The biggest expansion of Egypt’s Suez Canal since it opened in 1869 will boost syndicated loan deals in North Africa’s biggest economy, according to the nation’s largest publicly traded bank.
Syndicated lending in Egypt rose 61 percent in the first nine months to $2.9 billion, according to data compiled by Bloomberg, after a $1.4 billion deal on Sept. 30 boosted what was the lowest total since 2003. The market will grow 25 percent next year, Commercial International Bank Egypt SAE (CIB) said in an e-mailed response to questions Oct. 15.
Banks are preparing for a surge in lending as the government spends about $8.4 billion digging a second waterway to ease congestion at the canal and develop the area to offer logistic services, said CIB’s Managing Director Hisham Ezz Al Arab. Lenders have relied on high yielding government debt to bolster earnings as demand for corporate credit dried up in the aftermath of the 2011 ouster of President Hosni Mubarak.

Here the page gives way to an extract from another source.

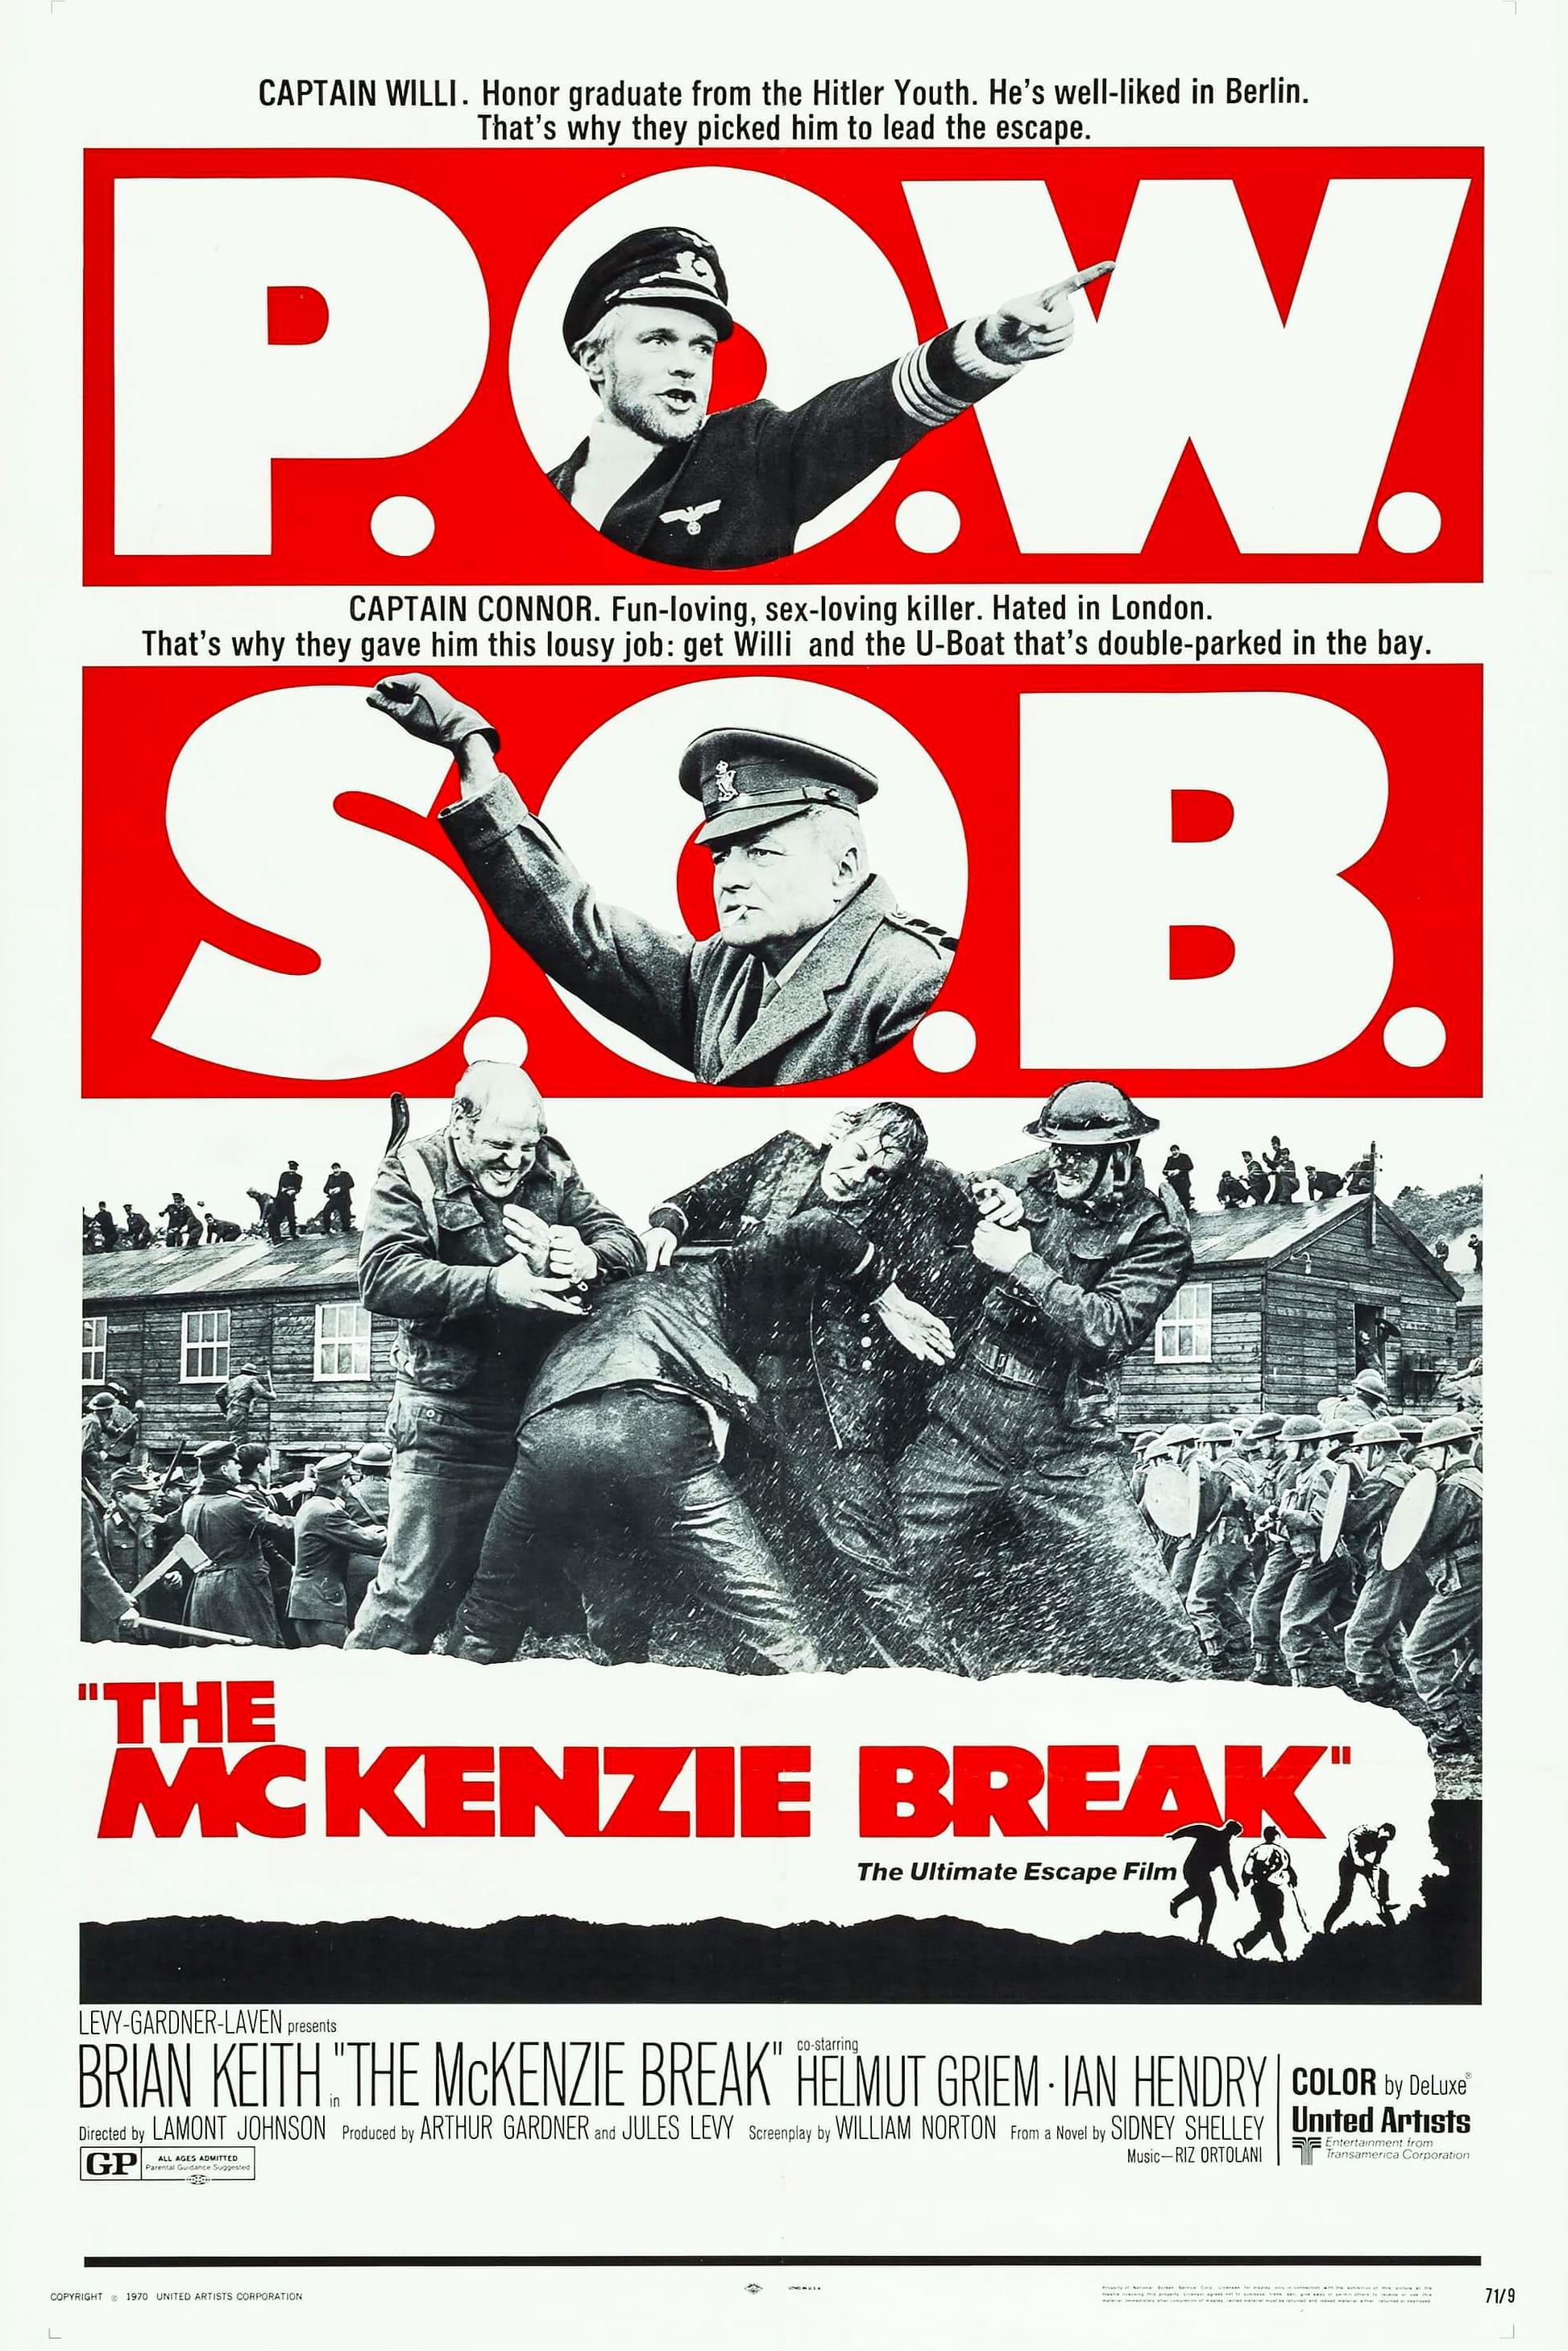 The McKenzie Break poster

“We see a recovery in syndicated loans in the second half of 2015 or early 2016, far exceeding” pre-political unrest levels, said Ezz Al Arab, who also serves as chairman of the Federation of Egyptian Banks. “There will be quantum leaps. It’s not only going to impact corporate finance requirements, but also the consumer requirements.”
Syndicated loans averaged about $6 billion a year in the five years leading up to the anti-government protests in January 2011, according to data compiled by Bloomberg. That’s about twice the total for each of the last two years.
Shares in CIB, which is the country’s biggest listed company and accounts for 30 percent of the benchmark EGX 30 Index, are up 41 percent this year as of 10:24 a.m. in Cairo, giving it a market value of more than 41.4 billion Egyptian pounds ($5.8 billion).